Moorthy et al. [16] compared and analyzed the dosimetric aspects of IMRT over 3D-CRT for chest wall. There was a consistent improvement in CI for breast volume from 1.33 for 3D-CRT to 1.15 for IMRT (P<0.05). The Homogeneity Index was improved with IMRT for the breast volume (P<0.05). Ipsilateral lung V20 Gy was significantly reduced with IMRT (P<0.01). Both lungs V20 Gy was significantly improved with IMRT (P<0.01). The heart V30 Gy was 1.12% in IMRT against 2.5% in 3D-CRT. They concluded that both the methods achieved adequate target coverage, IMRT reduces maximum doses and improves Conformity and Homogeneity indices of target volumes, also reduces dose to OAR.
Freedman et al. [17] reported that IMRT decreases Acute Skin Toxicity for Women Receiving Radiation for Breast Cancer. There was no desquamation in 42% of IMRT patients, dry desquamation in 37% and moist desquamation in 21%. The degree of desquamation was greater for conventional patients compared with IMRT patients 52% grade 0, 10% grade 1, and 38% grade 2 (P=0.001).
Prospective studies with long follow-up times are needed to fully evaluate the cardiac toxicity and secondary lung cancer risk in breast cancer patients treated with tangential beam IMRT.

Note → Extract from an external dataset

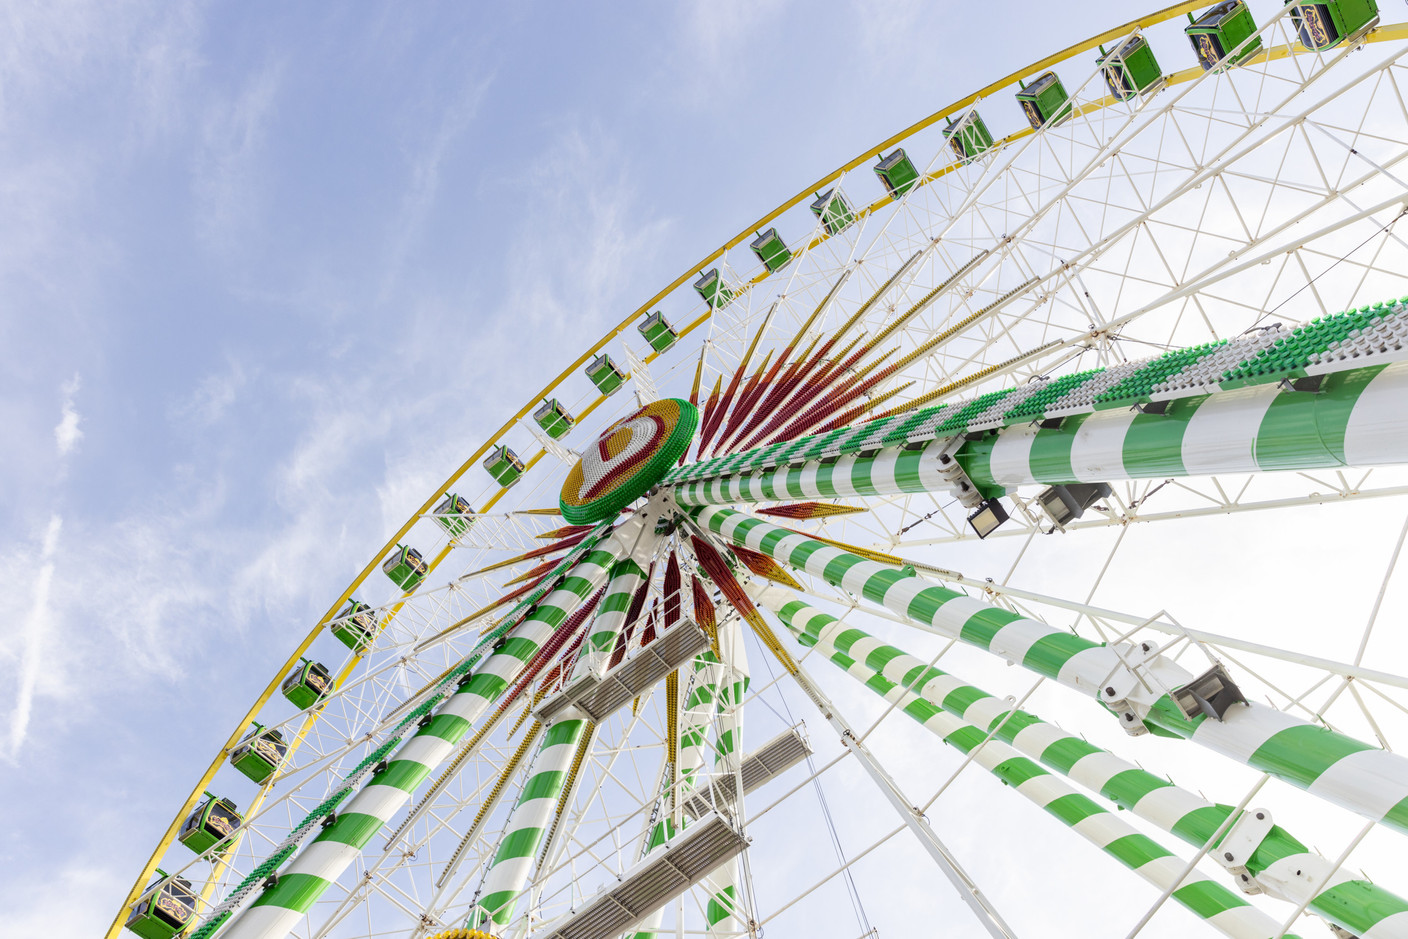 The legendary Ferris wheel is present. Photo: Romain Gamba/Maison Moderne

Tangential beam IMRT for the radiotherapy in breast cancer patients offers the potential to significantly reduce the dose-volume of the ipsilateral lung, dose-volume of the heart compared to tangential beam 3D-CRT which will translate into decrease in risk of cardiac and lung toxicity also decreased second cancer risk. IMRT definitely delays the acute skin reactions in all patients.